O “novo normal” do tempo do ronca
Natal findou, hora de arrumar a casa, lavar a louça e aparar as arestas das discussões que permearam toda noite do papai Noel: “deveria ser perú, não Chester”, “não gostei do Arroz com passas”, “que vinho horrível…”. Sem falar do cunhado que bebeu coquetel de whisky, vodka com groselha e, inconvenientemente passou a ser o centro das atenções, contando piadas sem graça, revelando segredos que todos sabem e são protagonistas, ofuscando o enjoado, enfadonho e anualmente repetido, o “amigo secreto”, que de James Bond não tem nada. Todos têm ciência com semanas de antecedência, o que vão ganhar e de qual bolso foi desalojado compulsoriamente o cartão de crédito à compra.
Parece um cenário comum à noite de natal em muitos lares, nos quais milhares de famílias se reúnem para ceia natalina e, o é. Entretanto, de outros natais, não deste de 2020.
Este ano, a mesa de doze lugares ou a de quatro sobrou cadeiras, por causa do impedimento social ou porque muitos partiram para sempre, para nunca mais voltar. Não houve empurra-empurra, a algazarra das crianças correndo em volta dos móveis e cristais foi tomada pelo silêncio, pela ausência do som dos risos, gritos e sobretudo dos abraços dos netos. A casa, até vestiu-se de cores vibrantes: vermelho, branco e verde, muito verde, cor a qual lhe colocaram sobre os ombros a pecha de carregar as nossas esperanças, mas os olhos mostram tons pastéis, desbotadas e sem viço expondo cenário para um filme que não vai ser “rodado” ou talvez seja, mas sem atores: um filme triste, mudo em preto e branco.

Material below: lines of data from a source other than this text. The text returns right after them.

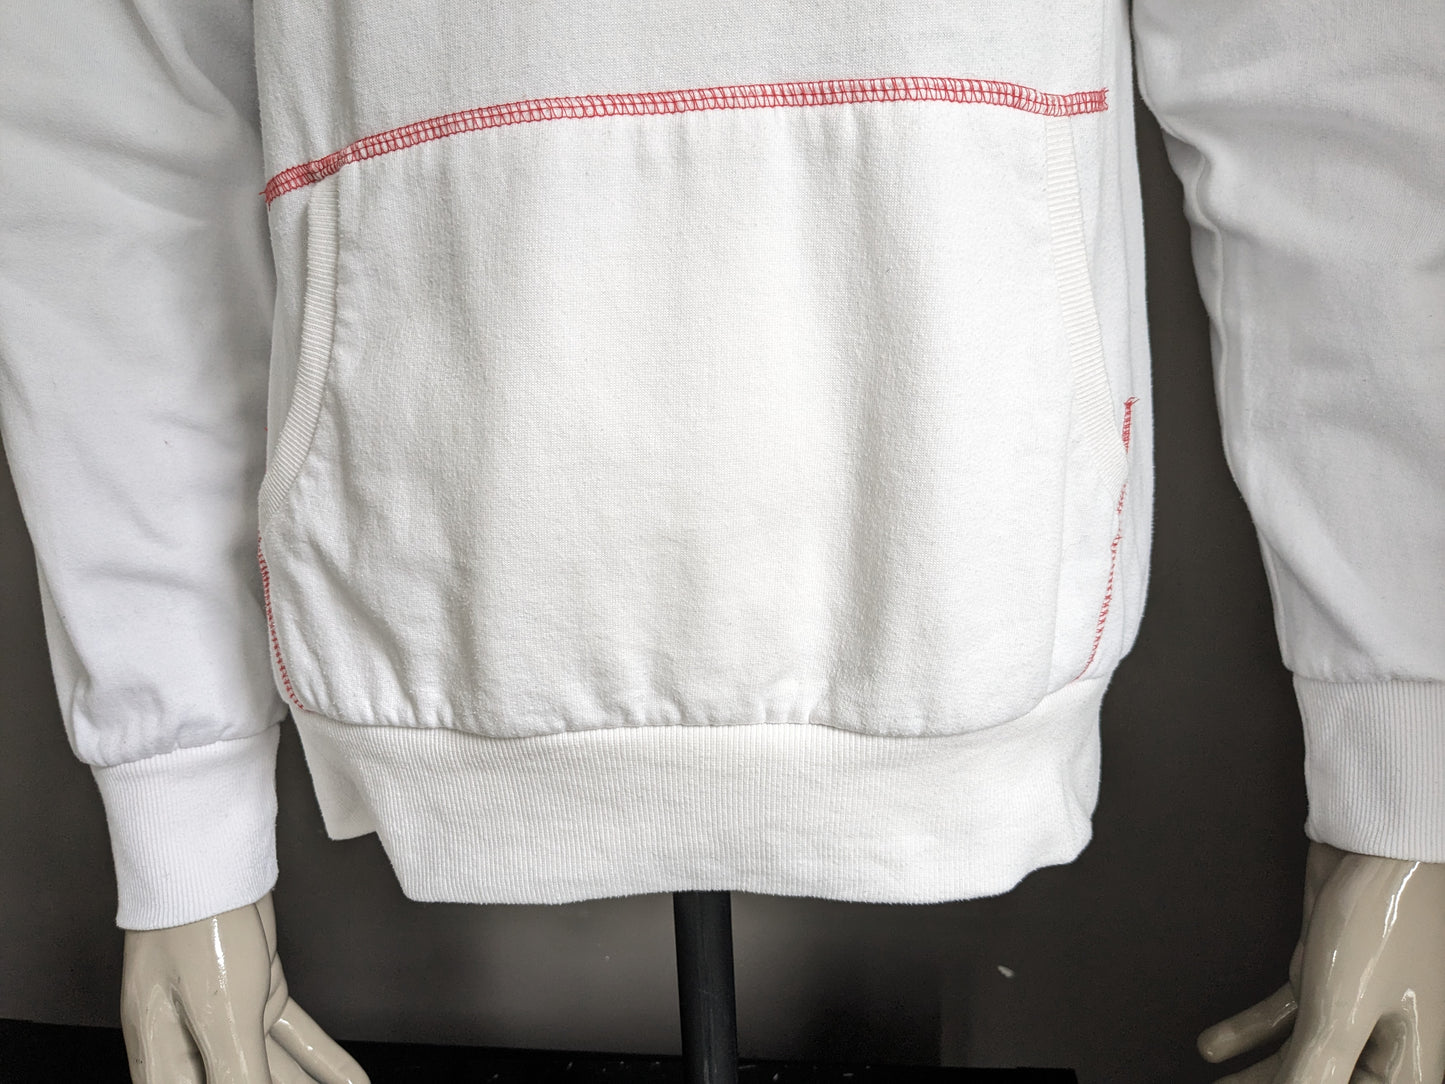 Camisa con capucha wilson. Blanco - rojo. Tamaño m.
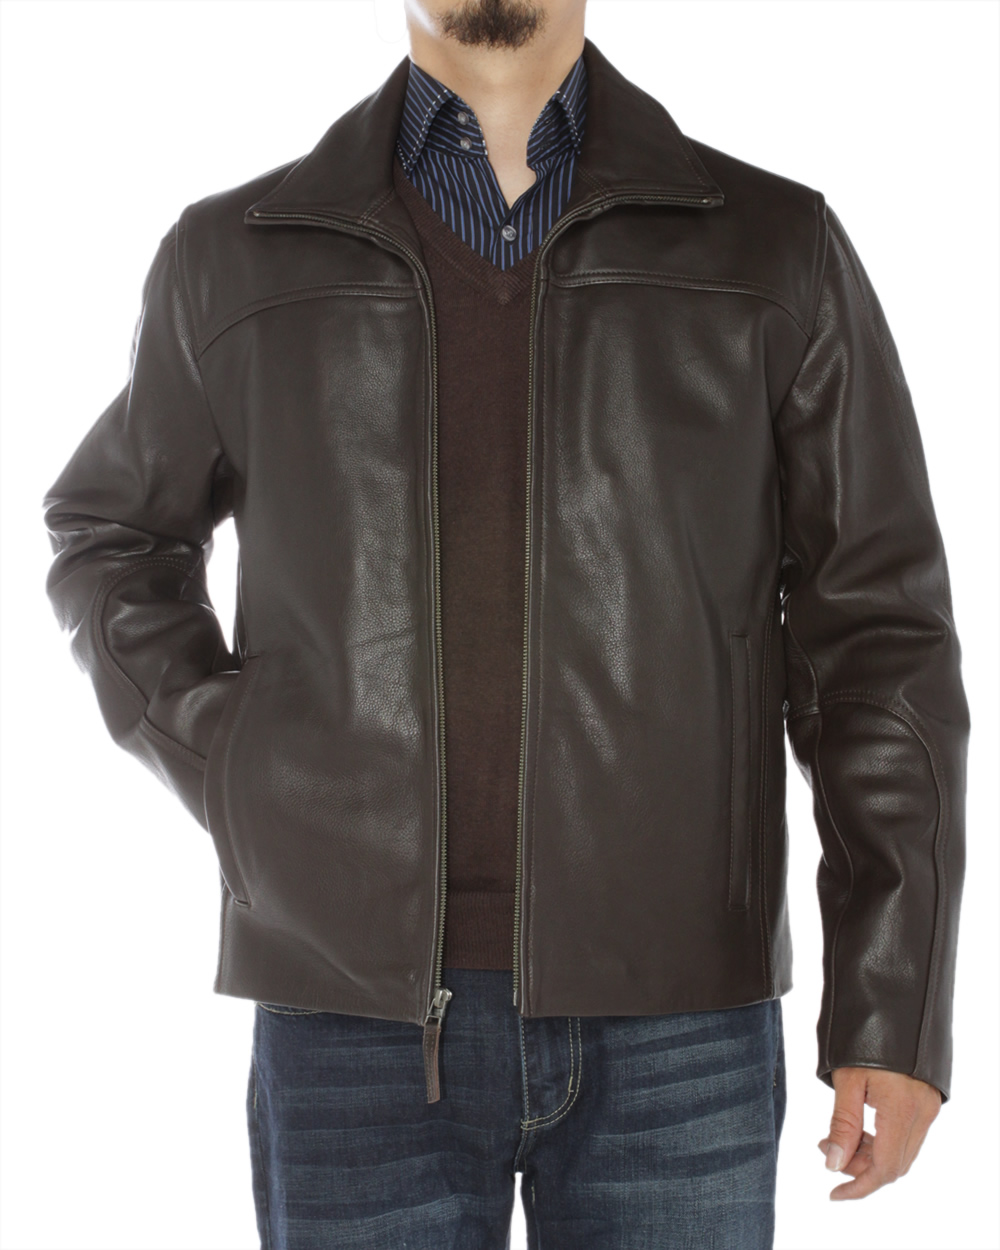 LUCIANO NATAZZI Mens Classic Full Grain Cow Leather Jacket | eBay
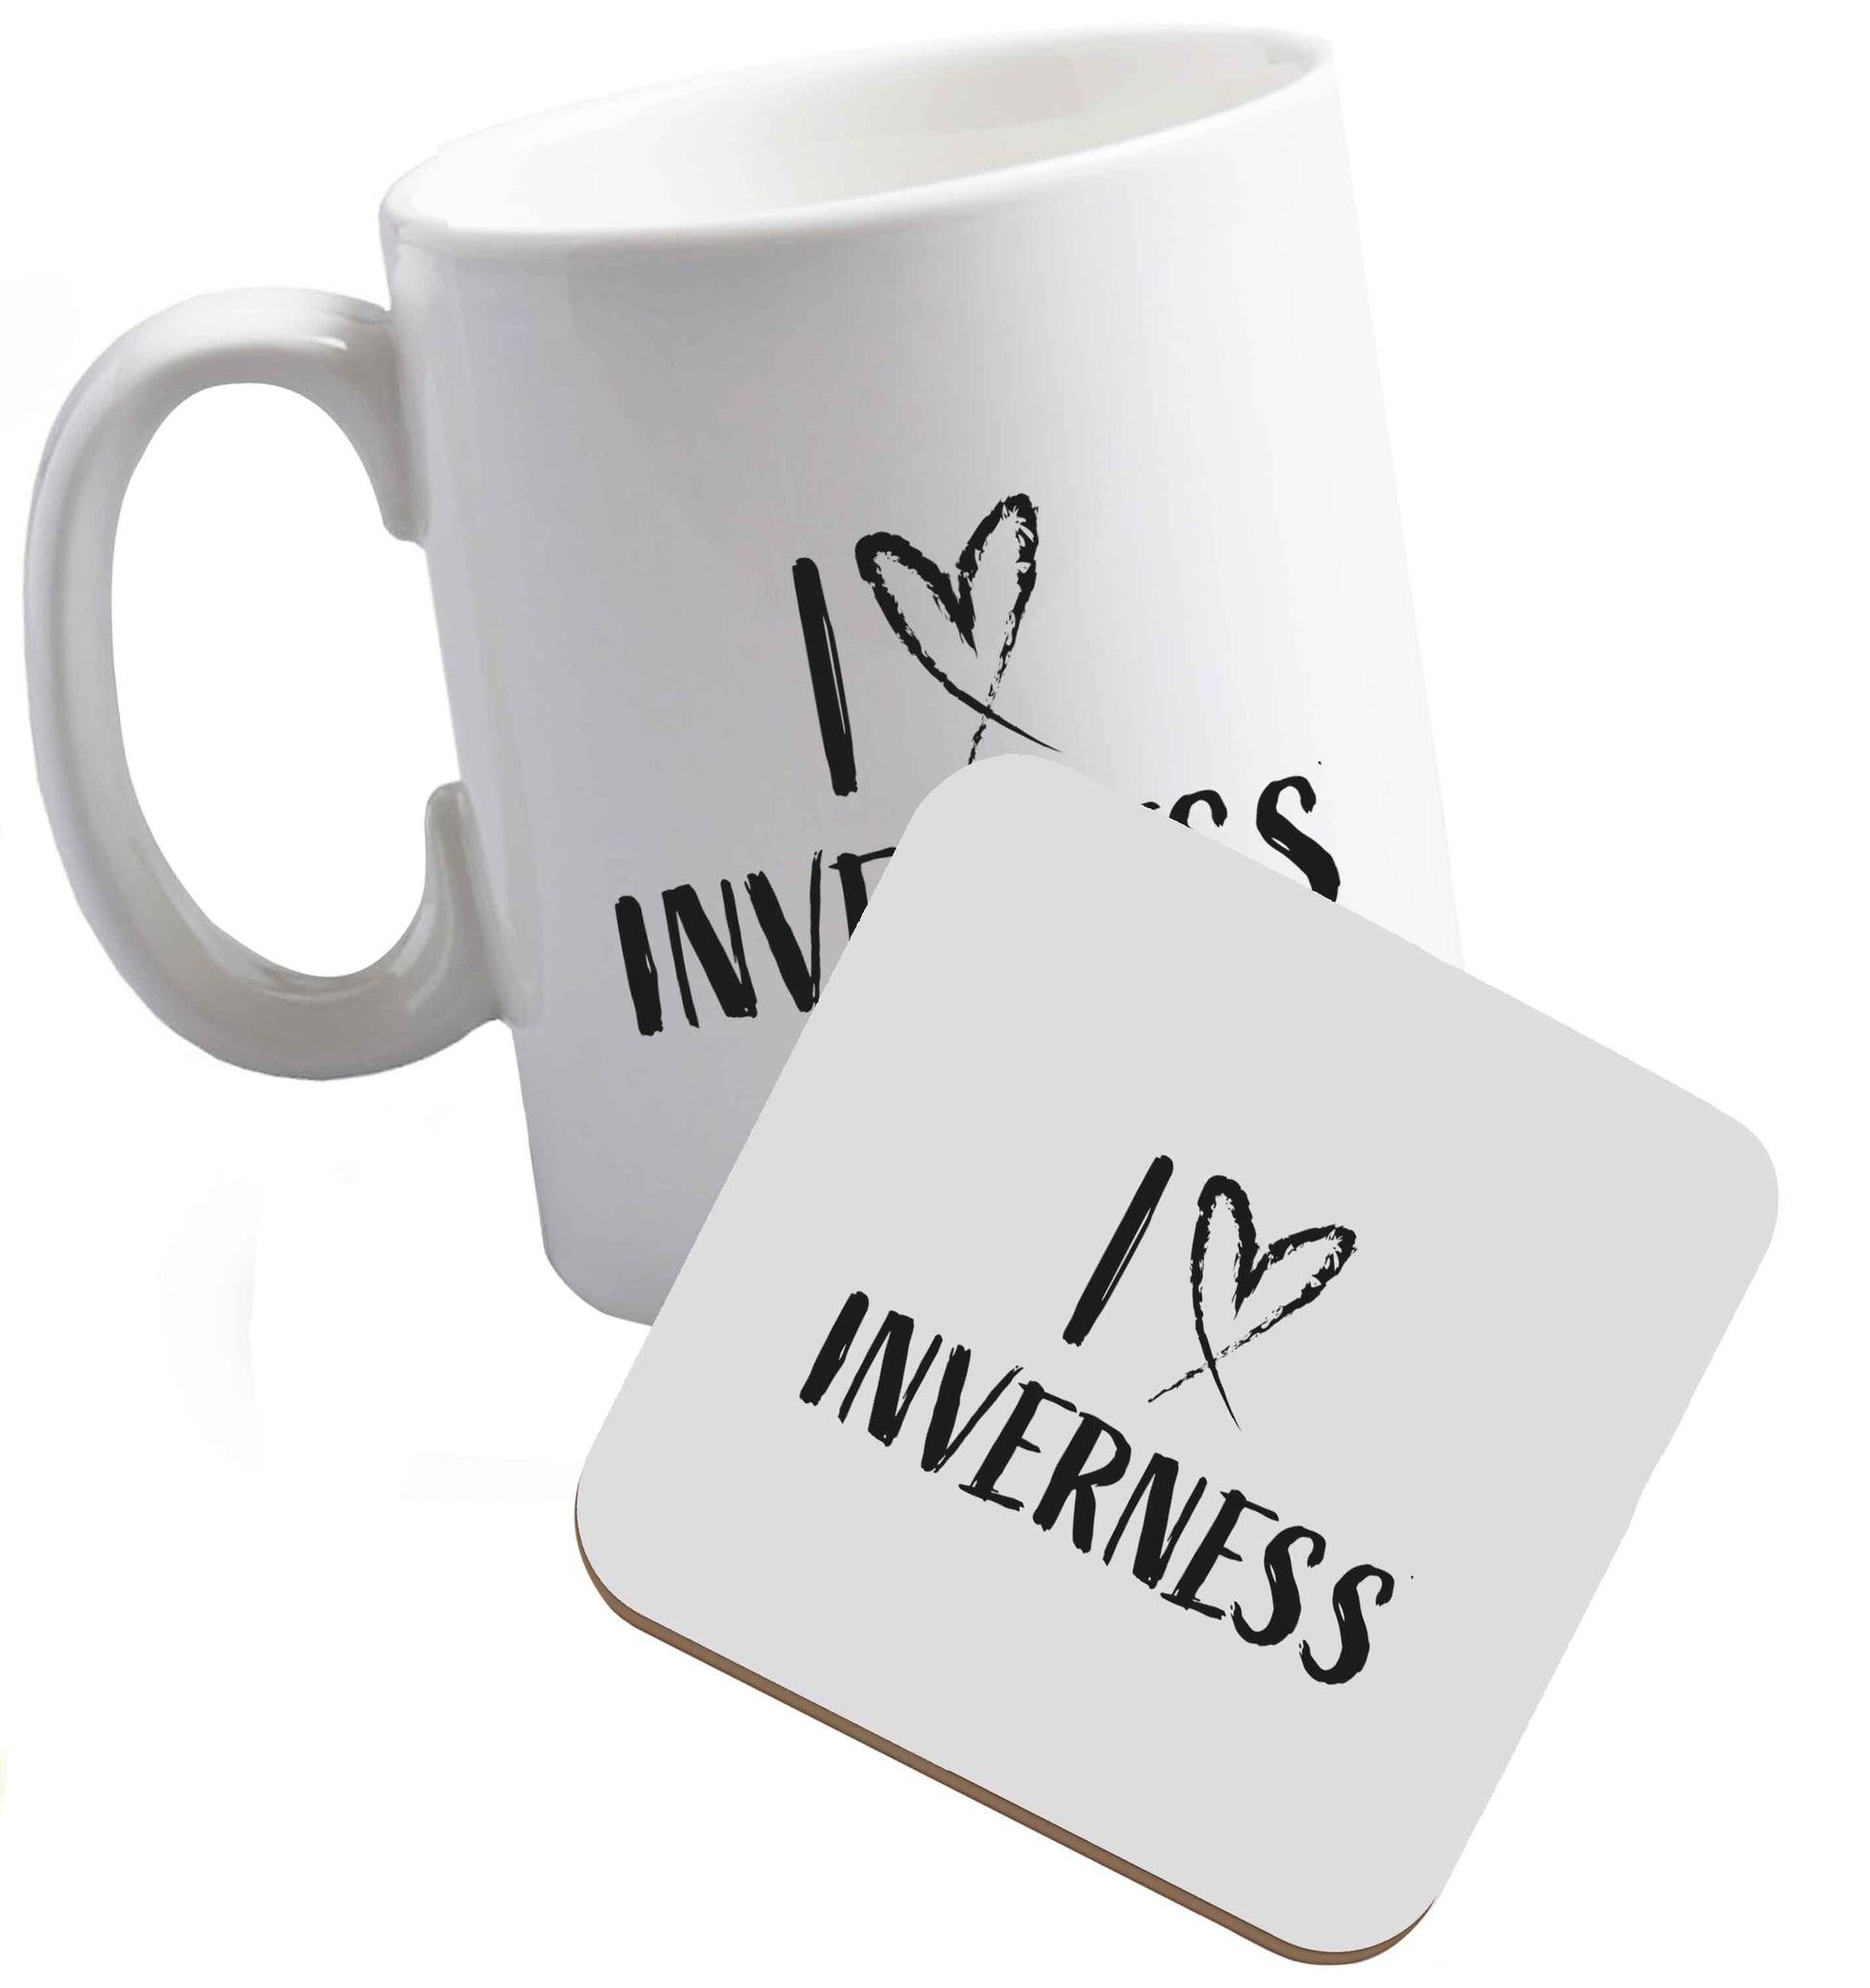 10 oz I love Inverness ceramic mug and coaster set right handed
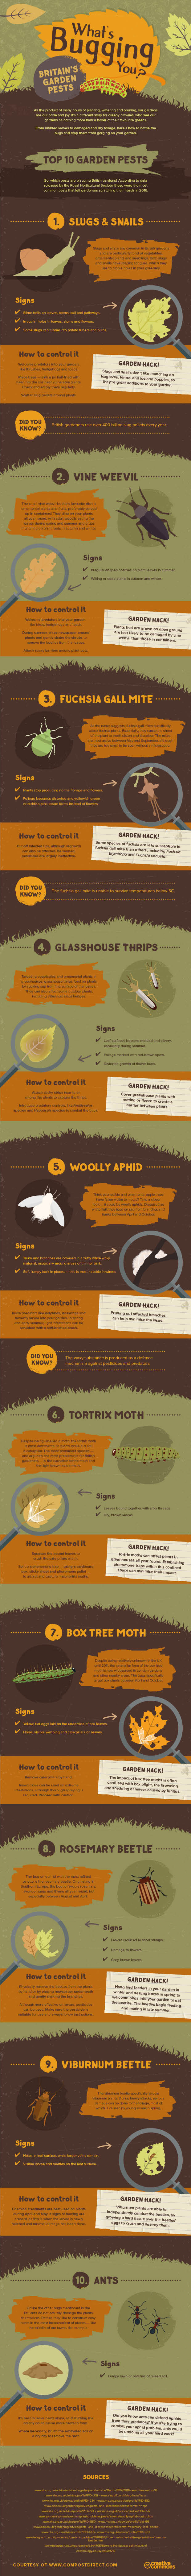 garden pests infographic

Passou, terminou o natal e Noel já voltou à Lapônia. Agora, vem o Ano Novo, o esperado 2021 no qual jogamos todas as fichas, afinal e por fim, teremos a vacina contra o mal-humorado e criminoso vírus. Logo teremos carnaval, micaretas, pastores-curandeiros tomarão a vacina, as igrejas irão encher seus salões e cofres, empresários rirão com seus metais, políticos dirão que foi deles a “cura” do mal. Certamente, em 2021 estaremos vivendo o tão propalado “novo normal”, porém, com os velhos hábitos: desdenhar da fome alheia, olhar para o próprio umbigo e nas primeiras horas pós-pandemia planejaremos o natal de vindouro e, claro, como corriqueiramente acontece, não convidaremos o dono da festa. Quem? Perguntariam os mais desatentos ou então diriam: Noel! Noel não, direi: Aquele que faz aniversário no dia 25 e, teve os ensinamentos esquecidos por seus infiéis fiéis.
Mas também sem querer estragar o prazer de vocês, apenas alerto aqueles que irão ao mar pular as setes ondas, para que tenham muito cuidado ao fazer o pedido. Em 2018, ficamos surdo de gritar “Fora Temer”, nos deram o Capitão Bufão, reclamamos de 19 e veio 2020 com a pandemia. Vou seguir o conselho do meu amigo Josias e estou consultando búzios, tarôs e os astros a busca de uma prévia, uma avant-première, um spoiler, qualquer sinal que mostre a cara de 2021 para poder me precaver das surpresas desagradáveis, que por ventura esteja programada. De toda forma, todo meu estoque de Rivotril já zerou e até o momento não consegui chegar a uma conclusão das mensagens enviadas pelo alinhamento de Júpiter e Saturno. Na verdade, a única resolução que percebi é que o “novo normal ”será tão velho quanto o bumba, “do tempo do ronca”.